Your answer should consist of each line below that includes the word "with".

» DATA IN THIS EXERCISE:
__________________________________________________
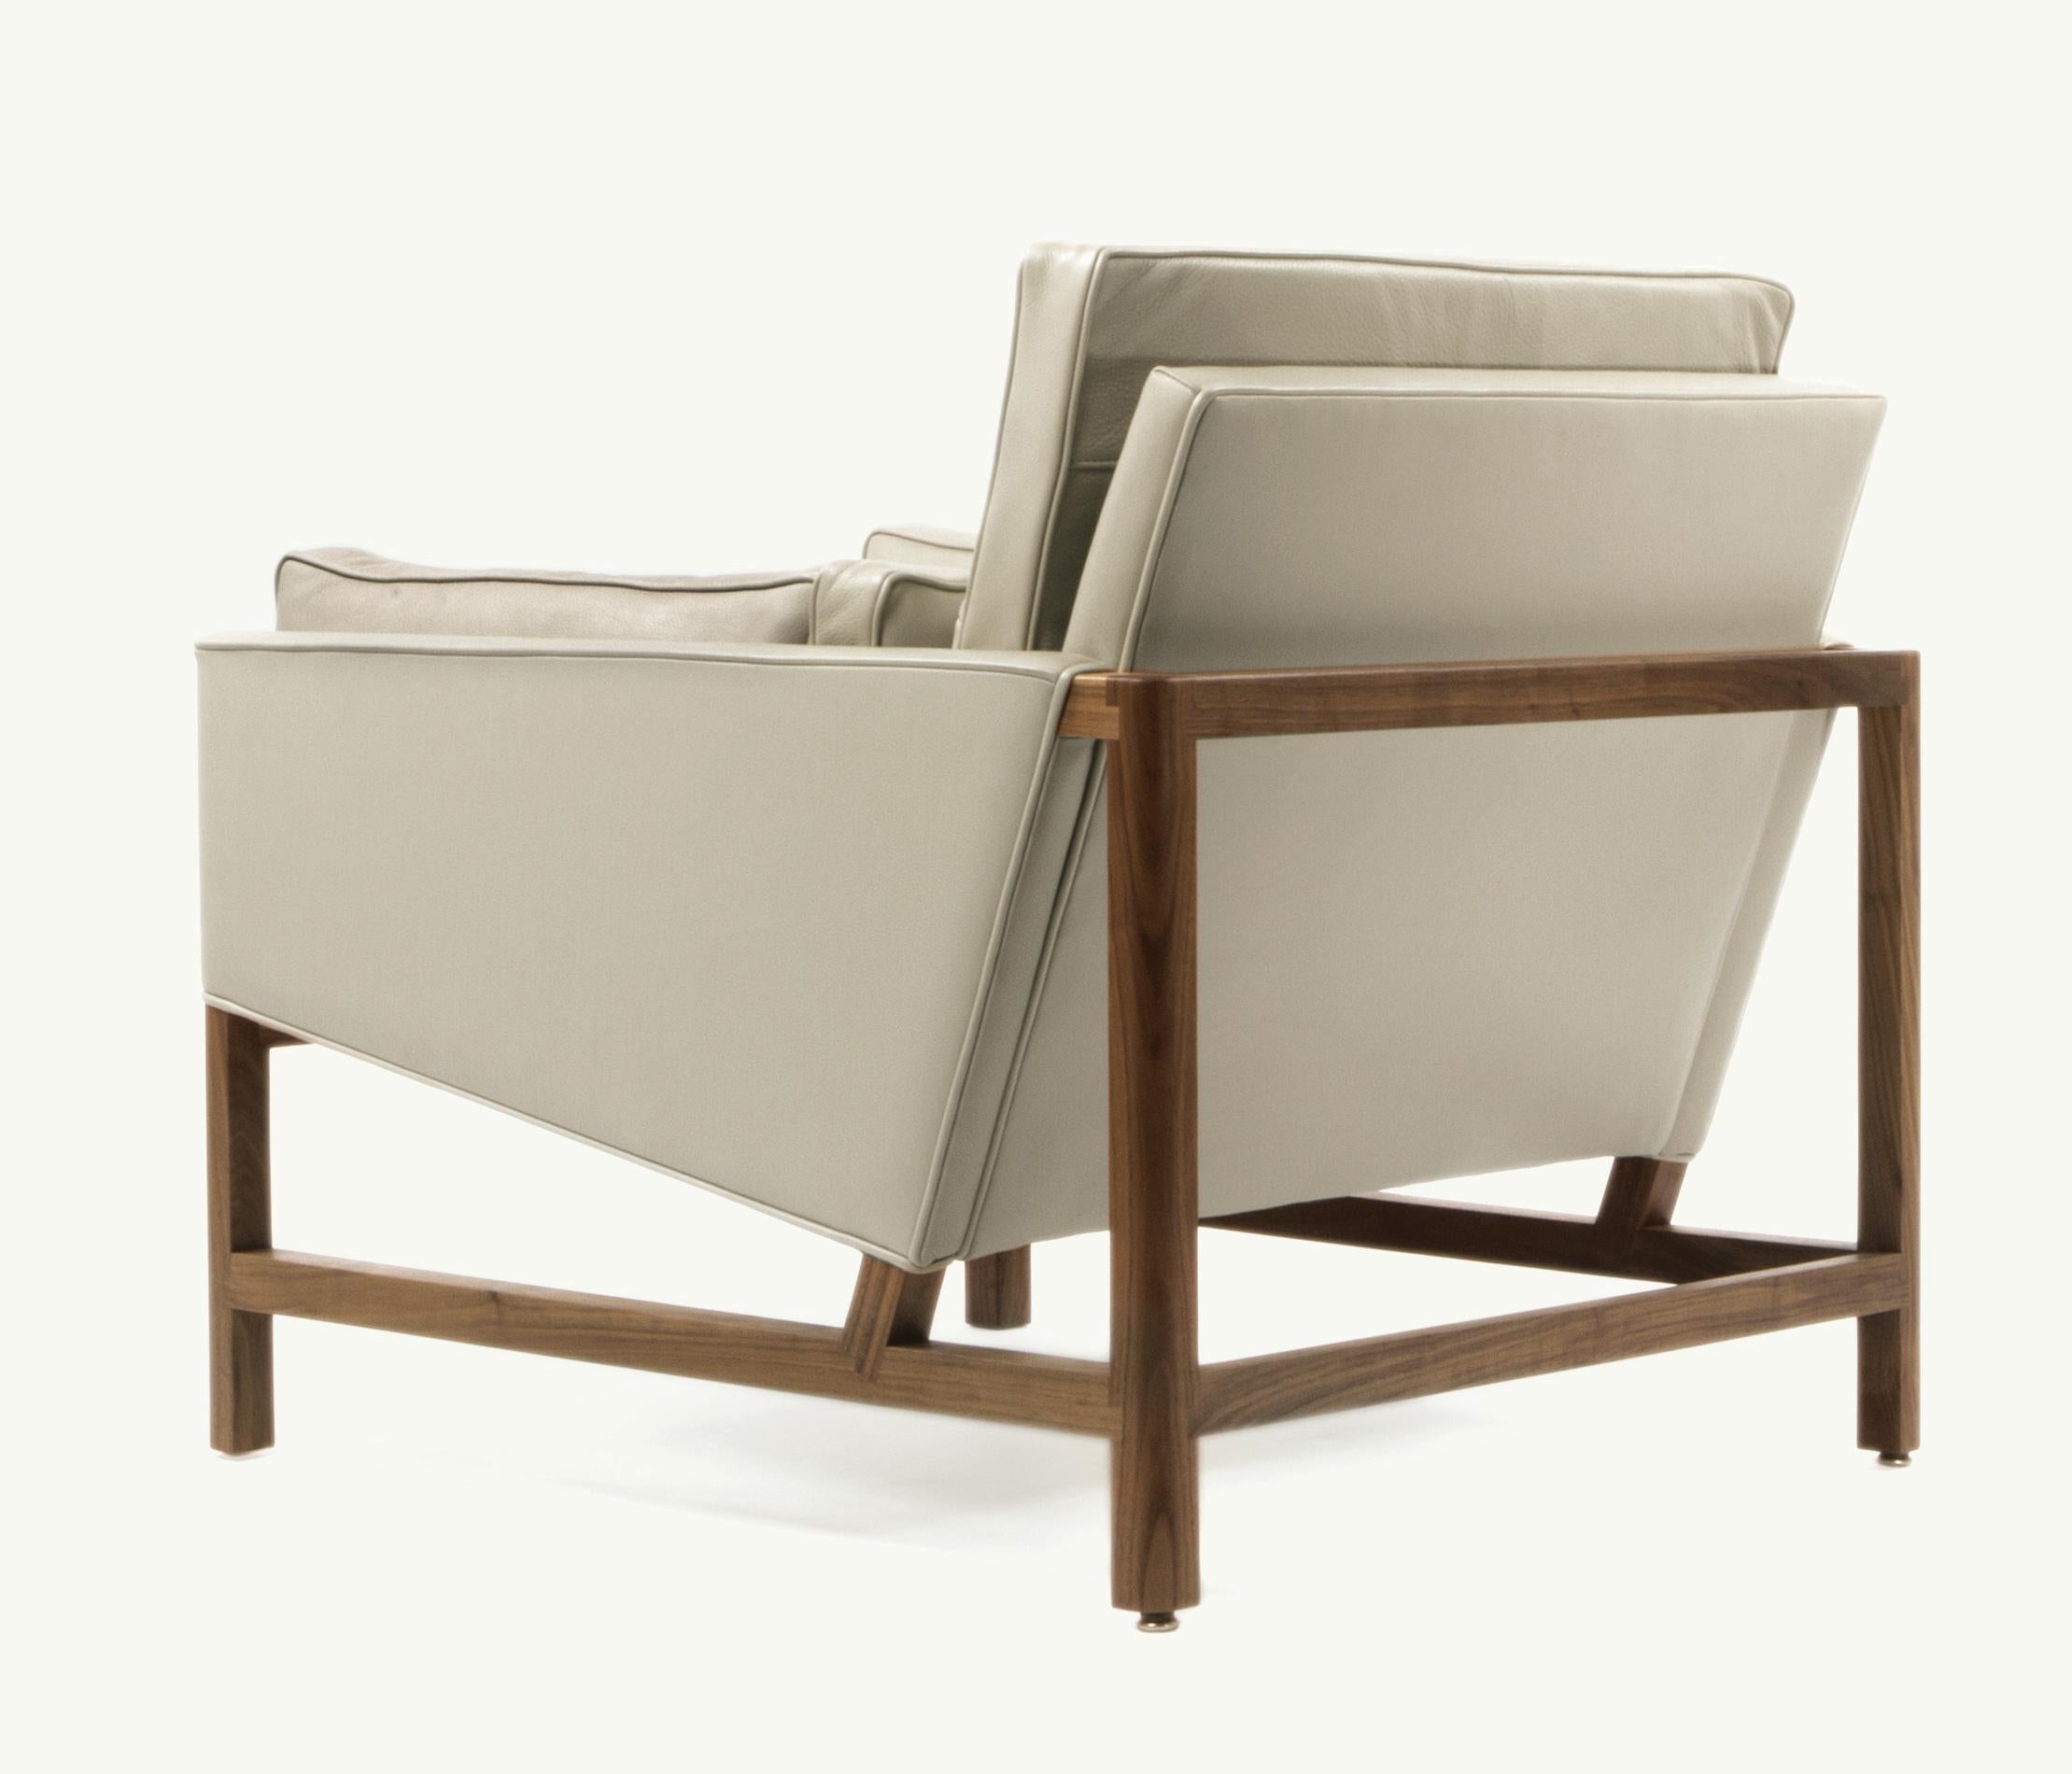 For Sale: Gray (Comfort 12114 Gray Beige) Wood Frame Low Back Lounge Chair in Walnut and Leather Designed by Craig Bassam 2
__________________________________________________
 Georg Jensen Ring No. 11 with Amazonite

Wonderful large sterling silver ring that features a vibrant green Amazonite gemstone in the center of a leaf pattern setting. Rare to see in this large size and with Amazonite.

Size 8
__________________________________________________
» RESPONSE:
 Georg Jensen Ring No. 11 with Amazonite
Wonderful large sterling silver ring that features a vibrant green Amazonite gemstone in the center of a leaf pattern setting. Rare to see in this large size and with Amazonite.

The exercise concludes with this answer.